Sanya concordou com a cabeça, olhando para longe como se estivesse muito envergonhada para encará-la. “Ele pode ser intenso, claro, mas… ele tem esse lado dele que é gentil e atencioso.” Ela deu a Chuva um pequeno sorriso tímido.
“Você tem certeza disso?” Chuva perguntou, franzindo os olhos para Sanya intensamente.
“Sim,” Sanya respondeu, a voz firme apesar das bochechas ruborizadas. Chuva conhecia sua amiga o suficiente para ver que Sanya estava sendo verdadeira. A maneira como ela fidgeted e evitava contato visual apenas confirmava. Chuva não pôde deixar de rir de quão adoravelmente confusa Sanya parecia, seu constrangimento a tornava ainda mais cativante.
“Tudo bem, você é madura o suficiente para tomar suas próprias decisões, mas ainda é sábio buscar conselhos quando você está confusa ou incerta sobre o que fazer,” Chuva disse pensativamente. Ela respirou fundo e suspirou.
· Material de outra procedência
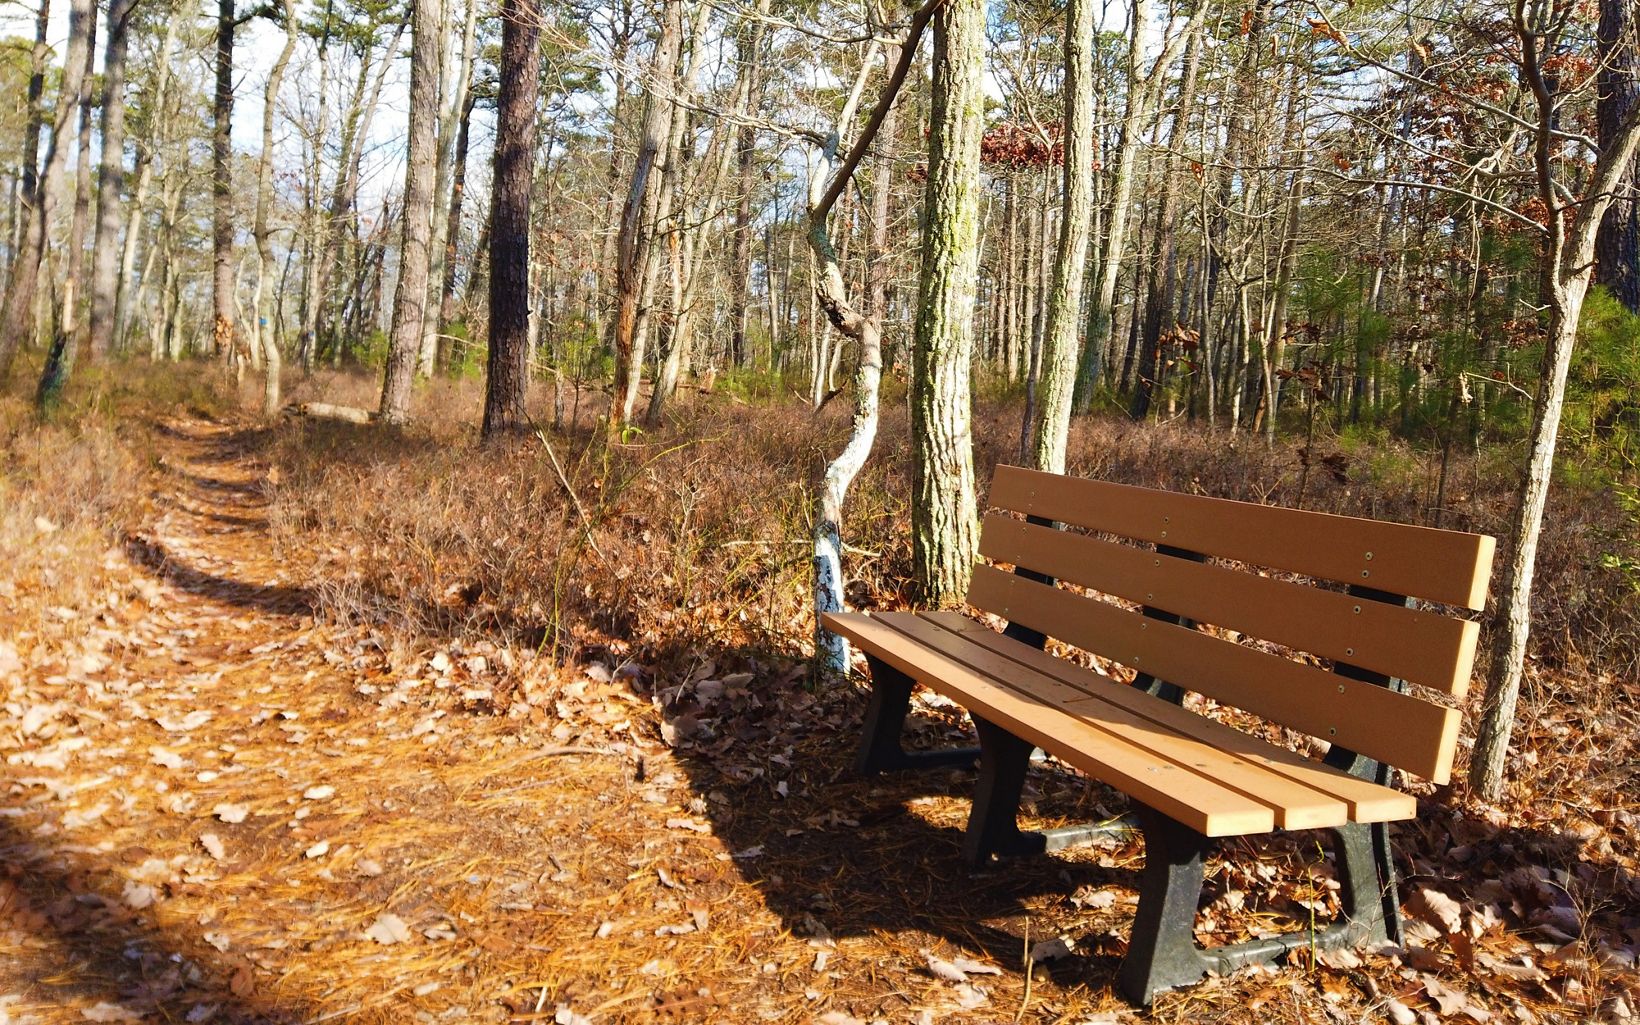 A bench along a trail through the woods.

“Estamos bem agora, então vamos deixar o passado para trás. Honestamente, você tem sorte que as coisas deram certo para mim e Alexandre depois do que você fez. Mas lembre-se, o resultado nem sempre será assim, então por favor, não deixe isso acontecer novamente. Não se meta na vida de outra pessoa sem o conhecimento dela.”
Sanya mordeu o lábio e concordou com a cabeça, sua expressão sincera. “Eu prometo não fazer isso de novo, Chuva. Eu realmente sinto muito, e obrigada por me dar outra chance.”
Chuva concordou com a cabeça e segurou a mão de Sanya enquanto caminhavam de volta em direção a Alexandre e as crianças, que conversavam animadamente sobre seus presentes.
“Olha o que eu ganhei, Mana Linda!” uma das crianças exclamou, segurando um brinquedo colorido. “É um carro de corrida! Você pode correr comigo?”
“Claro! Só não me deixe ganhar,” Chuva riu, desafiando a criança brincalhona.
“Eu sou mais rápido!” Alexandre entrou na brincadeira com um falso bico, cruzando os braços em tom de brincadeira.
“Mais rápido? Nos seus sonhos, velhote!” Chuva provocou, mostrando a língua para ele. As crianças explodiram em gargalhadas, desfrutando do momento de brincadeira leve.
Naquele momento, a atmosfera mudou quando uma mulher familiar entrou no orfanato, sua presença instantaneamente atraindo atenção.
“Xander?” ela chamou, sua voz cortando a conversa alegre. Ela piscou surpresa, seus olhos se arregalando à vista dele.
Chuva engoliu em seco. Já fazia um tempo desde a última vez que ela viu, a mulher que ela admirava, alguém que sempre tinha sido gentil com ela. Ela a tinha encorajado a perseguir seus sonhos, não importa o quão difíceis eles parecessem. Ela tinha sido uma inspiração na vida de Chuva.
“Tia Summer,” Alexandre respondeu, o tom de sua voz também tinha um toque de surpresa.
A Sra. Summer Cartier se aproximou rápidamente, e seu sorriso amigável habitual iluminou a sala. “Eu não esperava encontrar você aqui, Xander!” ela exclamou com sua voz usualmente calorosa e acolhedora.